O hidrogéneo que refrigera o alternador incendiou-se e perderam-se os turbosoplantes 1 e 2 (motores a jacto com um grande ventilador frontal que arrefece o reactor) e os defeitos de isolamento produzidos nos 3 e 4 provocaram o disparo das caldeiras auxiliares, a sala de comando ficou afectada por fumo denso, a rede de altifalantes (megafonia), assim como a telefónica ficou inutilizada (não havia telemóveis). Como nos diz um dos trabalhadores (que salvaram a situação!): ”Nunca saberemos o que se teria passado se se tivesse perdido totalmente a refrigeração do núcleo do reactor... a subida de temperatura e a fusão do núcleo, a ruptura do contendor que o alojava e possivelmente a ignição da grafite do reactor” ... e boum, outro Chernobyl!
Mas essa estória é colocada debaixo do tapete, chamar a atenção para o risco, para o facto de uma nuclear não ser uma fábrica de conservas de sardinhas, mas algo de grande, grande risco e perigo, e para o esforço inacreditável dos trabalhadores para dominar o incêndio e a inundação, e reconhecer o mérito e valentia destes não passa pelos executivos e pelo poder político.
Só agora graças ao trabalho de levantamento feito por Julio Pérez Sanz (Los Héroes Silenciados de Vandellós, Editorial Círculo Rojo), funcionário reformado do Conselho de Segurança Nuclear (que também é responsável por estas omissões) e membro da ASTECSN (Asociación Profesional de Técnicos en Seguridad Nuclear y Protección Radiológica) é que se sabe da iminência de um desastre de enormes proporções e do que devemos ao labor e sacrifício dos trabalhadores da central (que mesmo os que estavam de folga acorreram a ajudar a combater o incêndio e a inundação).
Se não fora o empenho, e o sacrifício até à exaustão das dezenas de trabalhadores, sem uma pauta, sem instruções centrais, sem um plano, que se dispuseram ao maior e titânico esforço, hoje, como cito “Estábamos alli para que esto no se borrara del mapa como Chernobyl, pero em fin, gracias a Dios no pasó nada”. Ou seja, só por uma conjugação aleatória de factores não houve fusão do reactor.
2. A península já esteve, também, à beira de Hiroxima. Em 1966, os U.S.A. aqui lançaram 4, quatro artefactos nucleares, 4 bombas, acidentalmente. Caíram em Palomares (Almeria). É certo que não estavam activadas, mas 2 rebentaram e o plutónio que continham espalhou-se. Além dos tripulantes do bombardeiro que chocou com uma pequena aeronave de abastecimento, não se sabe, porque os estudos nunca, nunca, foram divulgados de quantos mortos e contaminados houve em terra. Já no mar gastaram-se milhões para recuperar uma das bombas que aí caiu. Merecia um filme esta estória. Até se viu, ridículo, o ministro Fraga Iribarne e outros próceres do franquismo a tomar banho nessa zona, para sossegar os “ganhócios”...sobretudo o turismo.

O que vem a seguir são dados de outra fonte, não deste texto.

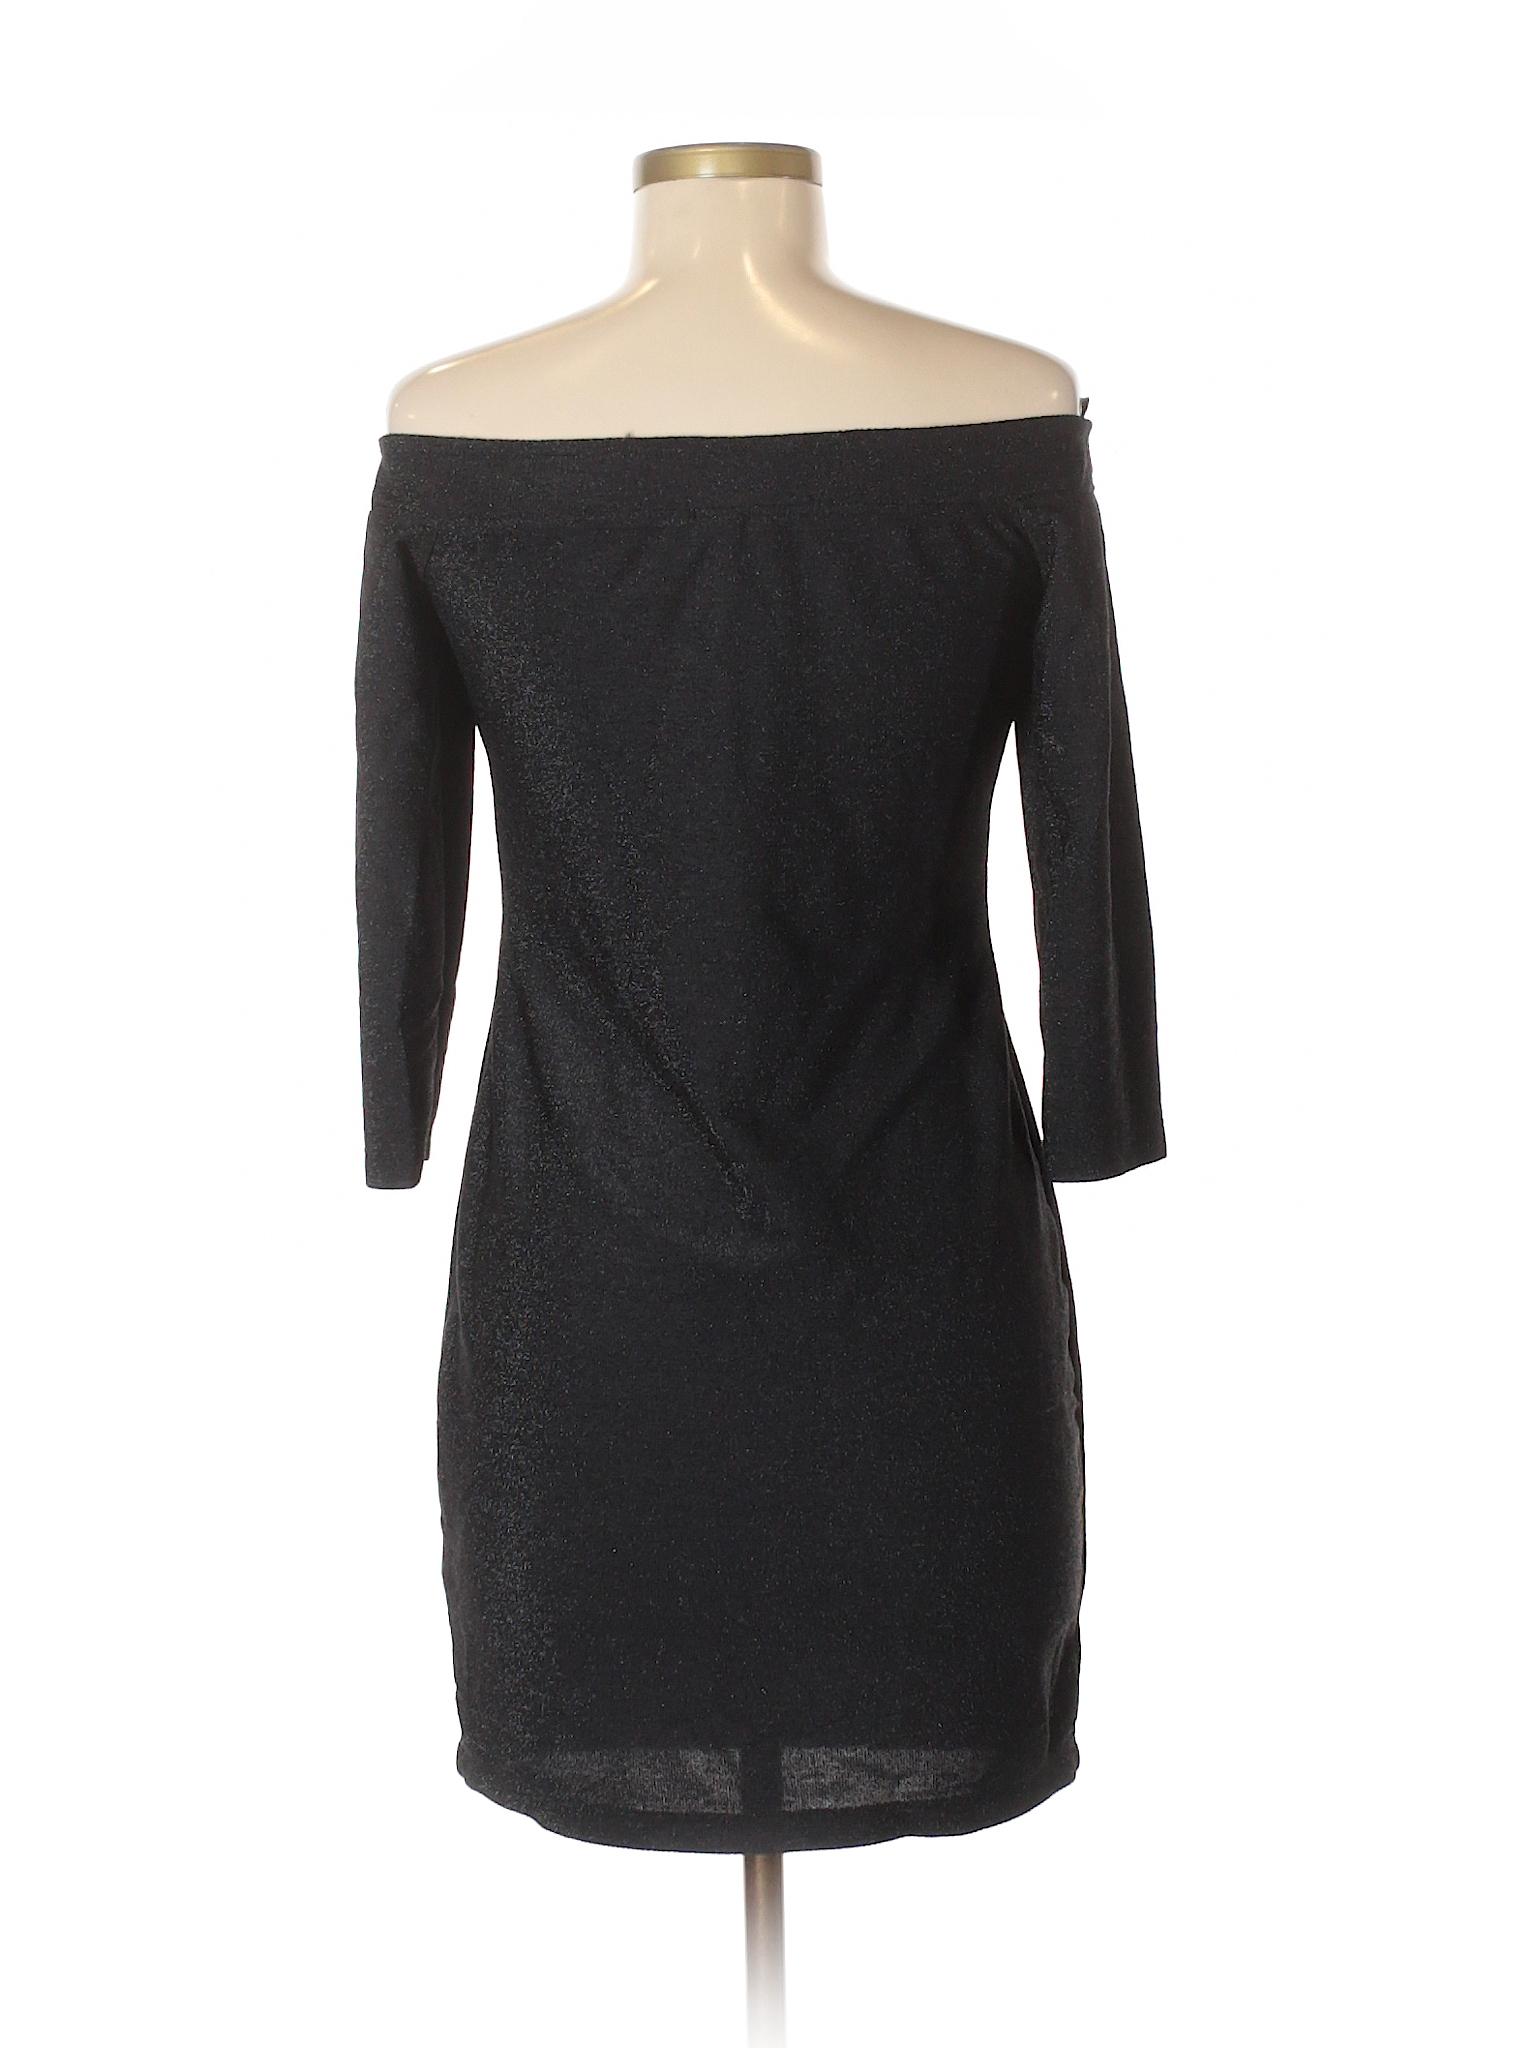 H winter Boutique Casual amp;M Dress 4qgRT

Ainda hoje soldados americanos, que sem qualquer protecção recolheram resíduos, protestam por apoios ou estão mortos por leucemias e cancros, e os solos continuam altamente contaminados.
E continua por fazer um levantamento de todas as zonas radioactivamente contaminadas em Espanha...(ver também o ponto 5 deste texto, outro enorme acidente nuclear).

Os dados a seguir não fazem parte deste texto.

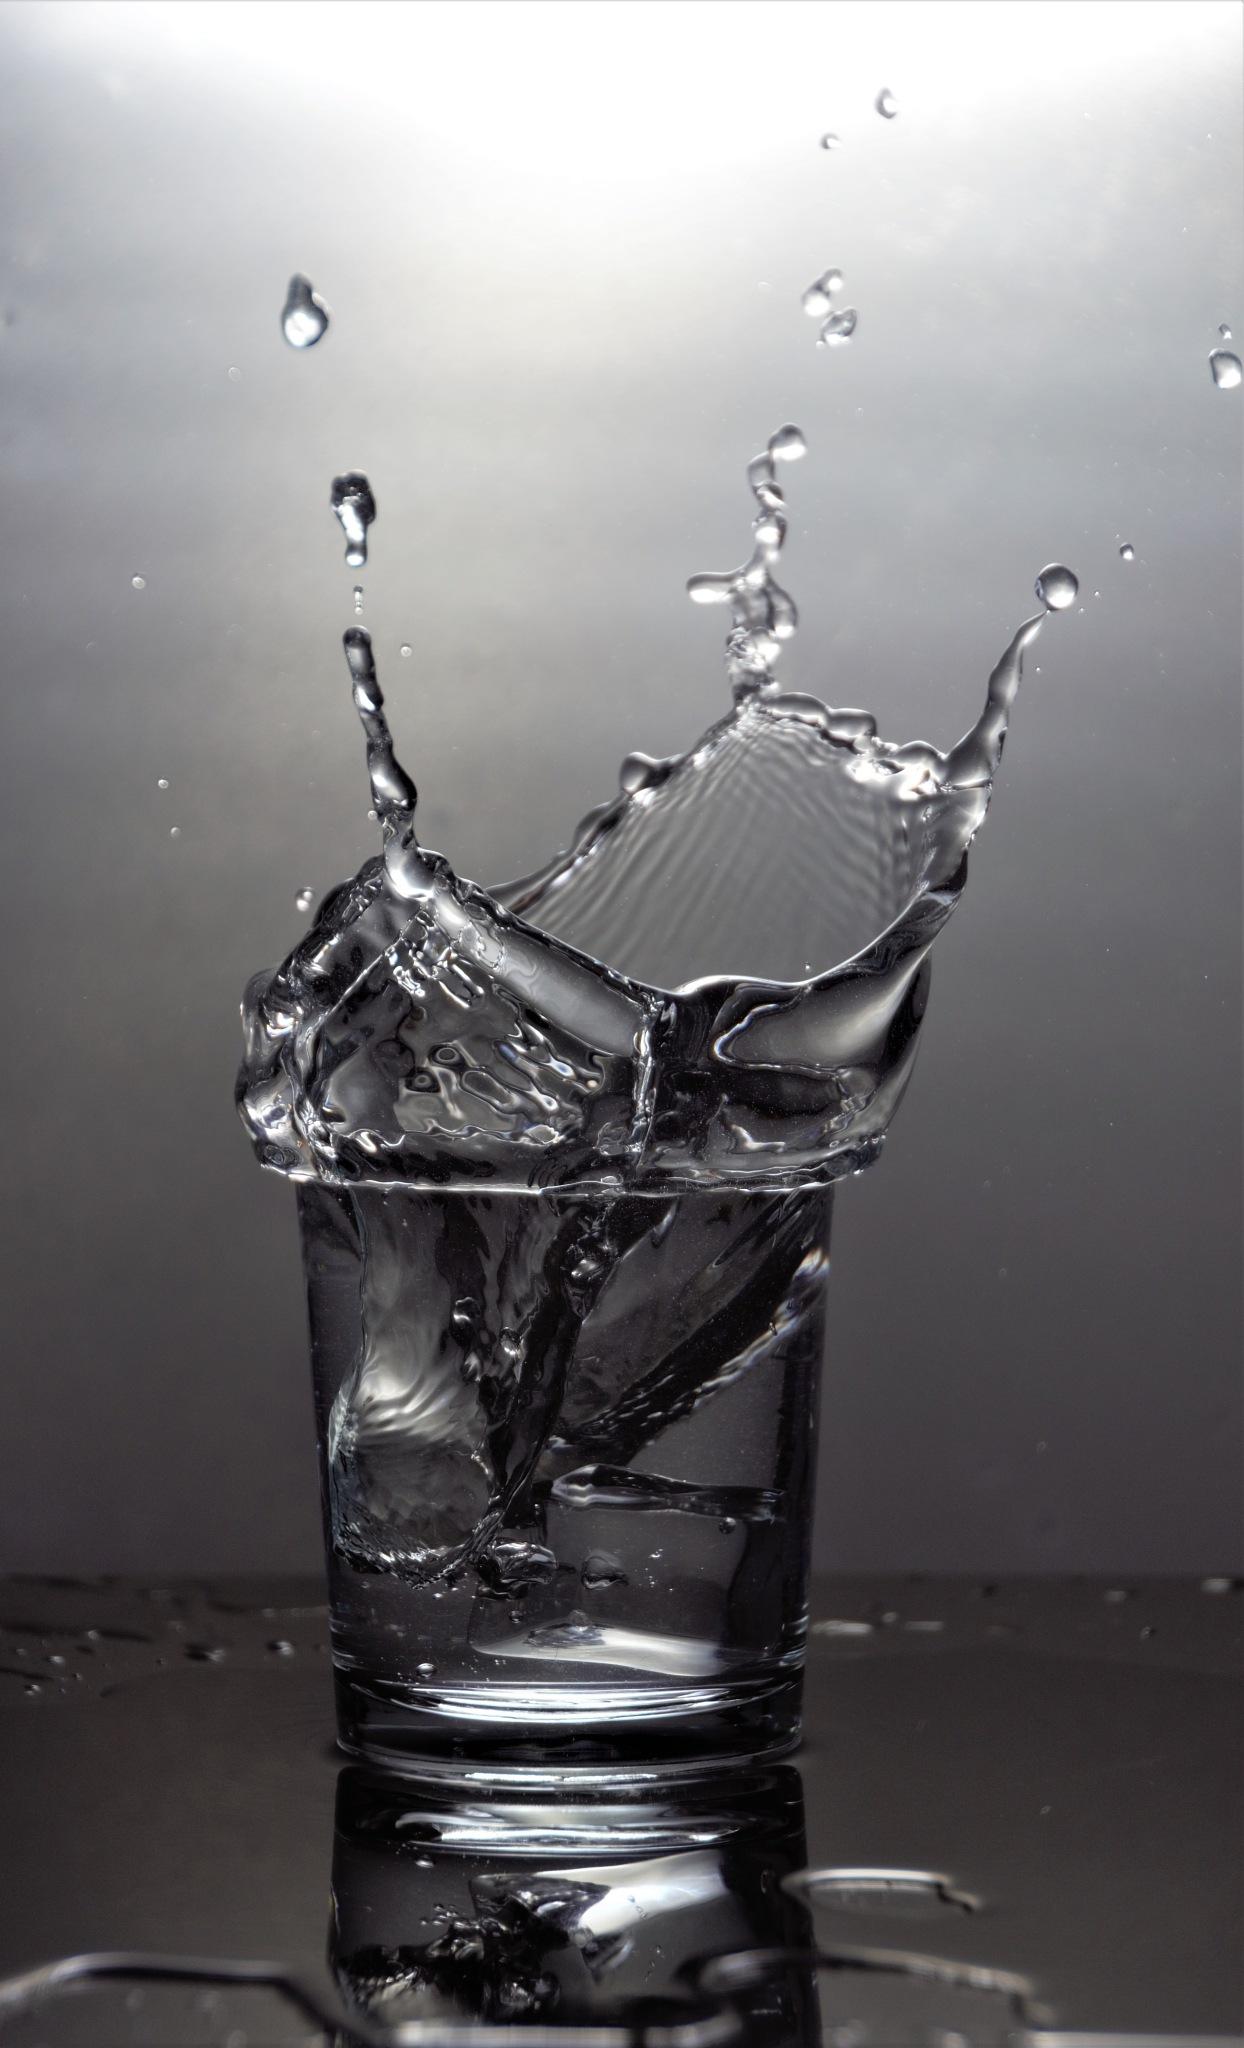 Braking the water  by Hugh Burden

3. Em Zaragoza, outro acidente metido para debaixo do tapete, que me recorda os trágicos eventos de Goiana, em 1987, no qual morreram, registadas 104 pessoas e há 1600 contaminados. Ignora-se quantos não terão morrido, pelo manuseamento por populares de resíduos hospitalares radioactivos.
Pois em Zaragoza estão registados cerca de 30 mortos devido a mau funcionamento radiológico. Em 19 de Dezembro de 1990, o Conselho de Segurança Nuclear (C.S.N.) realizou a revisão anual, que se havia atrasado 6 meses e descobriu uma anomalia na potência no acelerador de electrões. Só ordenou a sua paragem 4 dias depois....
A empresa nuclear General Electric foi condenada a indemnizar em 15 milhões de pesetas cada família, mas os atingidos pelo mau funcionamento destes instrumentos já cá não estavam… A radioactividade mata.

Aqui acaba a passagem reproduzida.